FOTO : Apel Bersama Bawaslu dan Polsek Kualuh Hulu

DN7 | Labura -

Menjelang pemilihan Bupati dan Wakil Bupati Kabupaten Labuhanbatu Utara tahun 2020 mendatang Polsek Kualuh Hulu bersama Bawaslu dan KPU Kabupaten Labuhanbatu Utara melaksanakan apel gabungan dan koordinasi pengamanan di Kantor KPUD, Kantor Bawaslu dan gudang Logistik di Jl Utama Wonosari Kelurahan Aek Kanopan Kecamatan Kualuh Hulu sekira pukul 09.00 Wib, Jumat (20/11 2020).

Dalam kegiatan tersebut dihadiri oleh AKP Sahrial Sirait SH MH (Kapolsek Kualuh Hulu), M Yusuf SAg (Ketua Bawaslu Labura), Heriamsyah Simanjuntak SHi (Ketua KPUD Labura), IPTU TM Ginting (Kanit IK Polsek Kualuh Hulu), bersama Personil PAM melekat (stasioner).

Sesuai dengan surat perintah Kapolres Labuhanbatu, nomor: SPRIN/206/XI/OPS.1.1.1/2020, tanggal 01 November 2020 tentang Personil yang mengawal pelaksanaan pengamanan di Kantor KPUD Labuhanbatu Utara, gudang Logistik KPUD Labuhanbatu Utara dan kantor Bawaslu Labura.

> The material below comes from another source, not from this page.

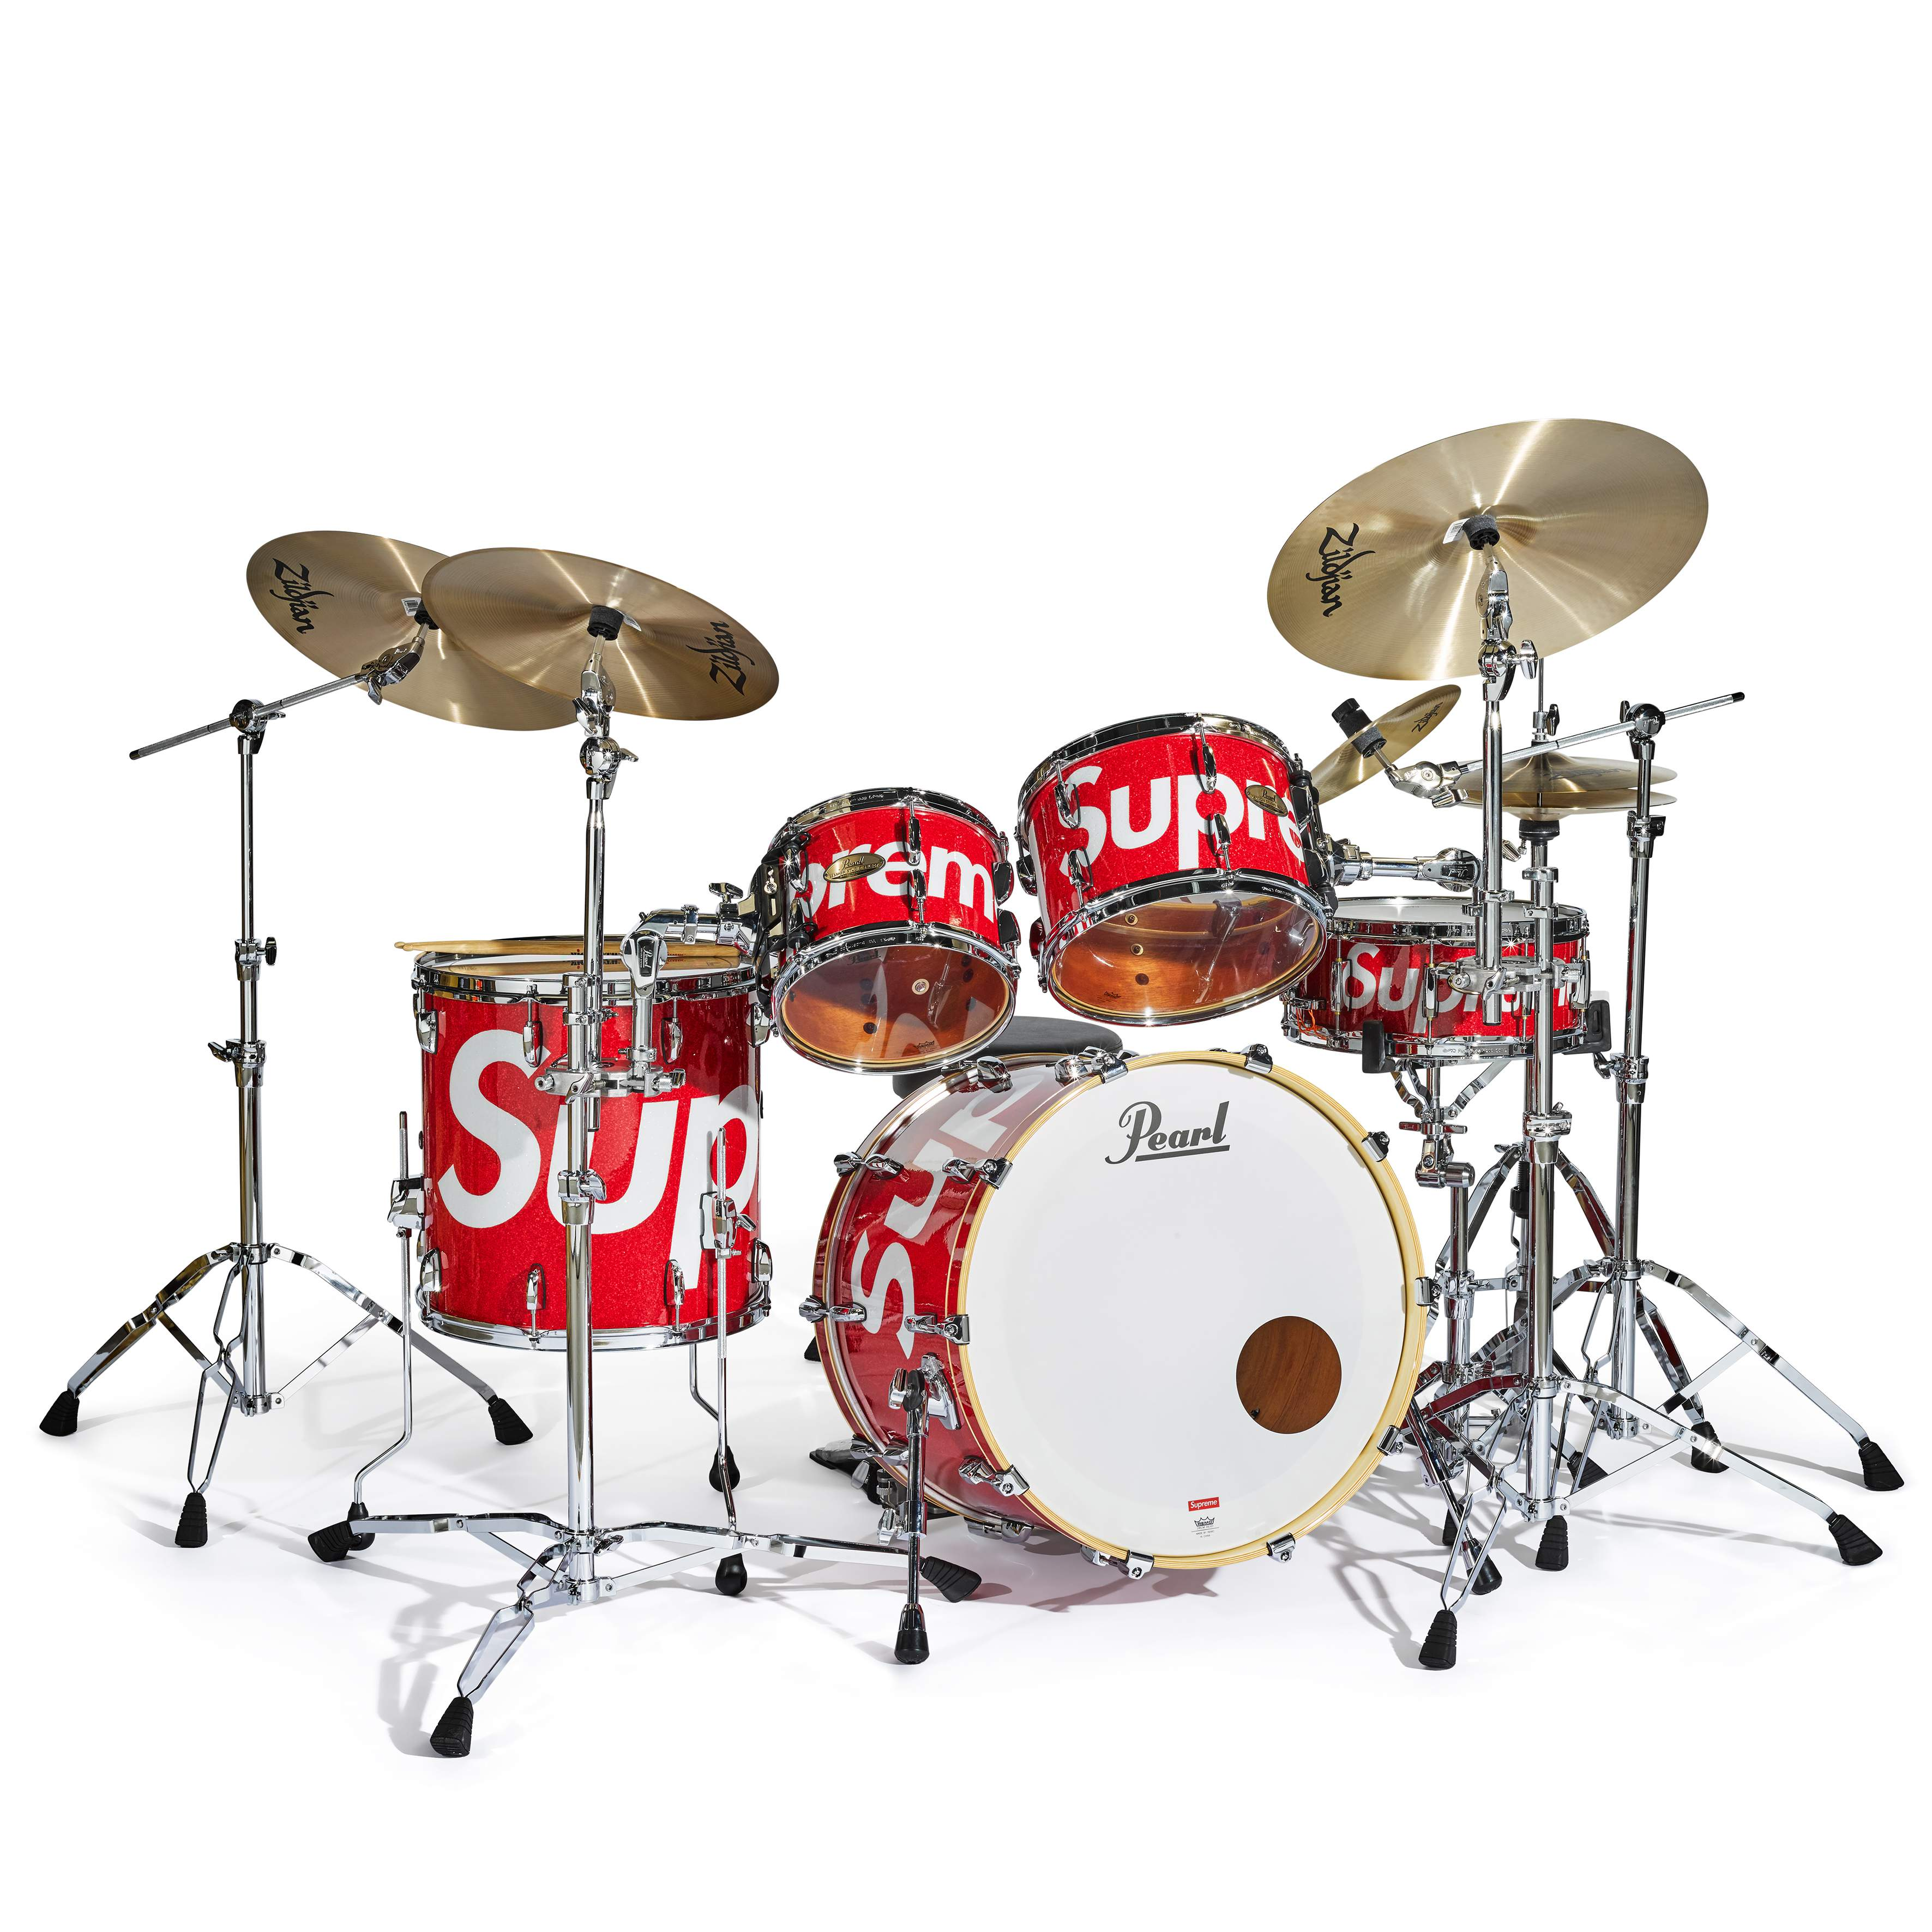 View full screen - View 1 of Lot 27. Session Studio Select Drum Set & Zildjian® Cymbals, 2019.
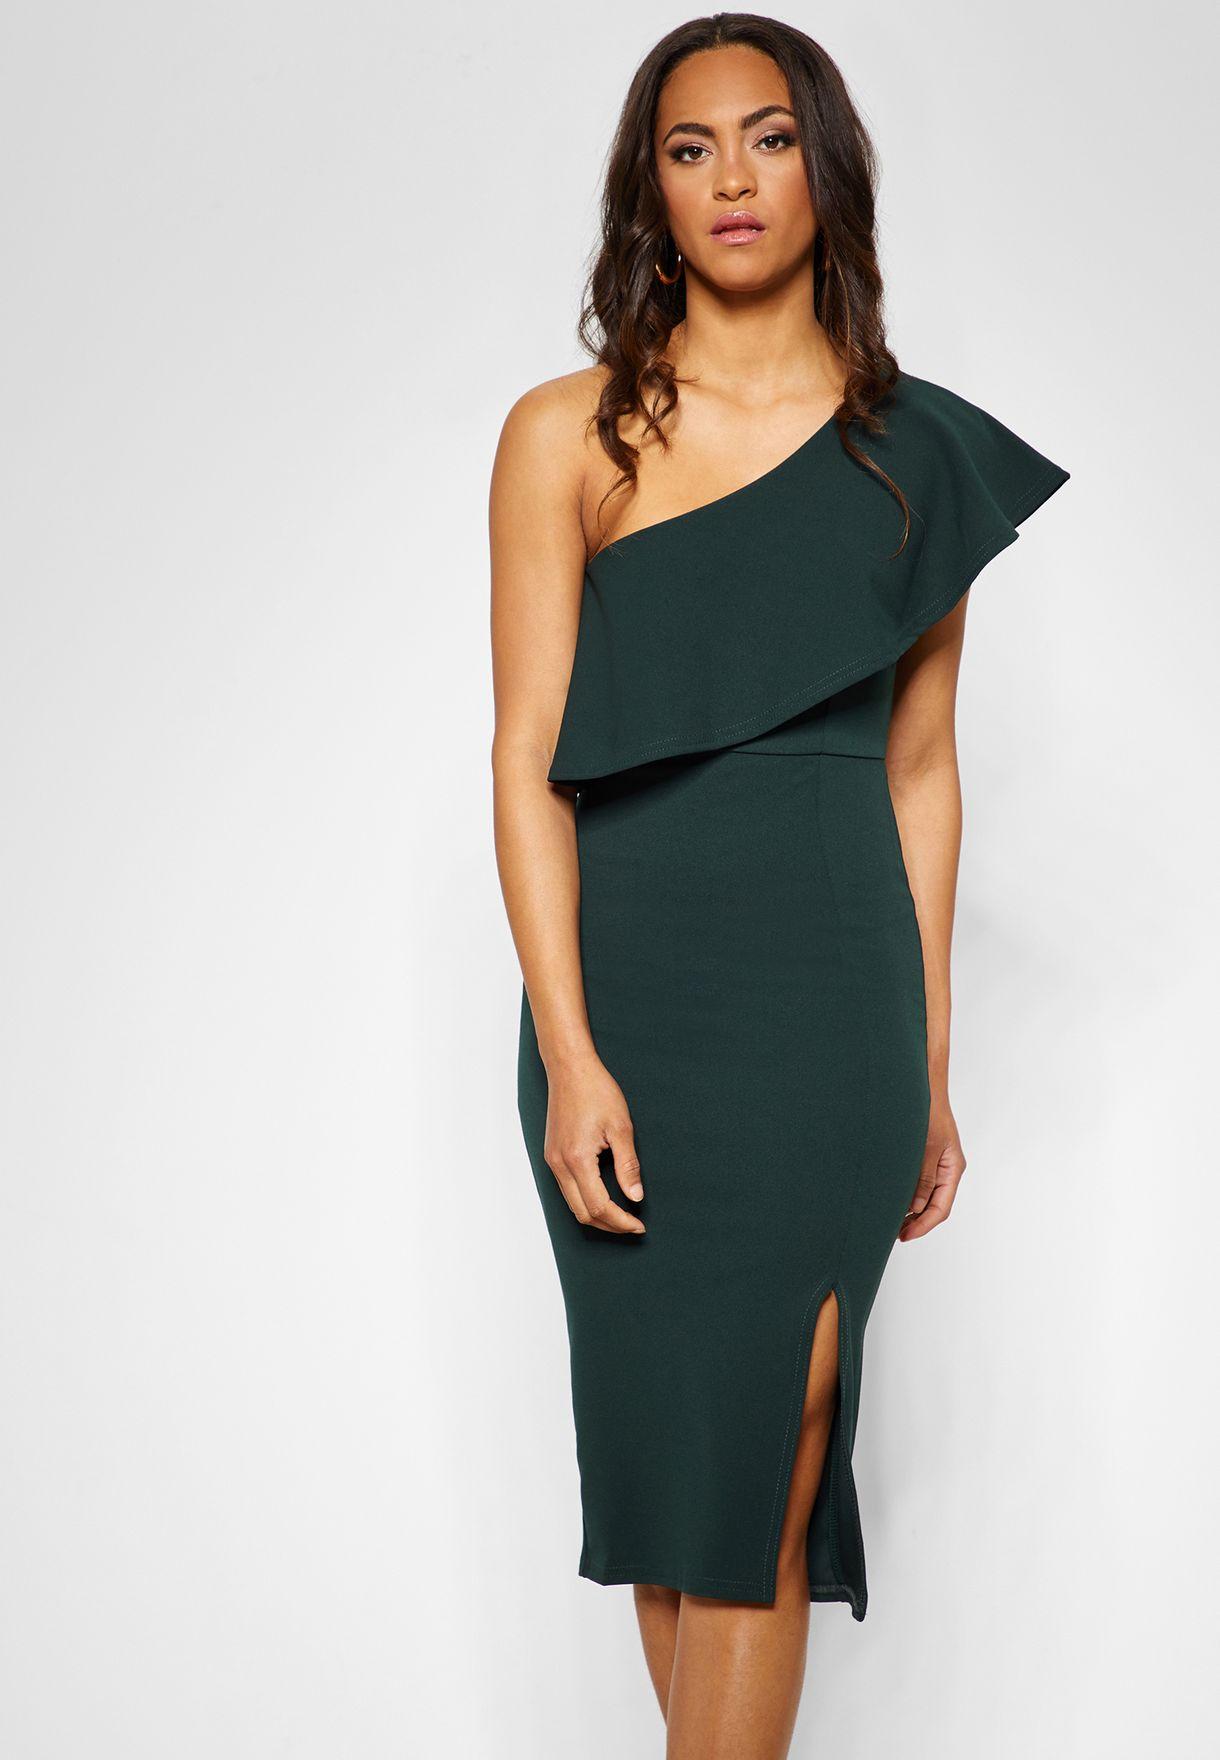 6b1922907915 Shop Missguided green One Shoulder Side Slit Bodycon Dress DE925019 ...

Dalam sambutannya Kapolsek Kualuh Hulu AKP Sahrial Sirait, S.H., M.H menyampaikan beberapa hal yaitu, "Kita perlu antisipasi kerawanan yang ada jangan sampai terulang lagi dan mengantisipasi pemilih yang enggan hadir karena pandemi Covid-19. 
 
PAM terhadap gedung gudang Logistik dan arsip KPUD kabupaten Labuhanbatu Utara melaksanakan penjagaan dan patroli pada pagi, siang, sore dan malam hari disekitar gudang Logistik KPUD Labuhanbatu Utara. 
 
PAM terhadap giat KPUD Labura yang dilaksanakan disekitar gudang Logistik KPUD Labuhanbatu Utara. Melakukan koordinasi dengan ketua/komisioner dan staf KPUD Labuhanbatu Utara tentang giat yang akan dilakukan serta melaporkan kepada pimpinan melalui penjab. 
 
Antisipasi adanya PSU (Pemungutan Suara Ulang) dan PSL (Pemungutan Suara Langsung) seperti Pemilih yang tidak membawa From A5 namun diberikan surat suara serta tertukarnya surat suara. 
 
Kami sarankan kepada KPUD Labura dan Bawaslu Labura agar membuat Regulasi terkait pengamanan Gudang Logistik ditingkat PPK agar dibuat berlapis yang dipegang oleh PPK dan Panwascam, serta pelaksanaan Rekapitulasi suara tidak satu tempat dengan gudang Logistik. 
 
Berkaca pada Pemilu 2019 secara Nasional yang petugas KPPS banyak meninggal dunia, maka disarankan kepada KPUD Bintan untuk mengecek Faktor Umur dan Kesehatan pada saat perekrutan KPPS nanti. 
 
Kita harapkan pelaksanaan Pilkada serentak 2020 di Kabupaten Labura dapat berjalan dengan aman dan damai, tanpa ada PSU, PSL serta Black Campaign dan kerawanan lainnya,"ujarnya.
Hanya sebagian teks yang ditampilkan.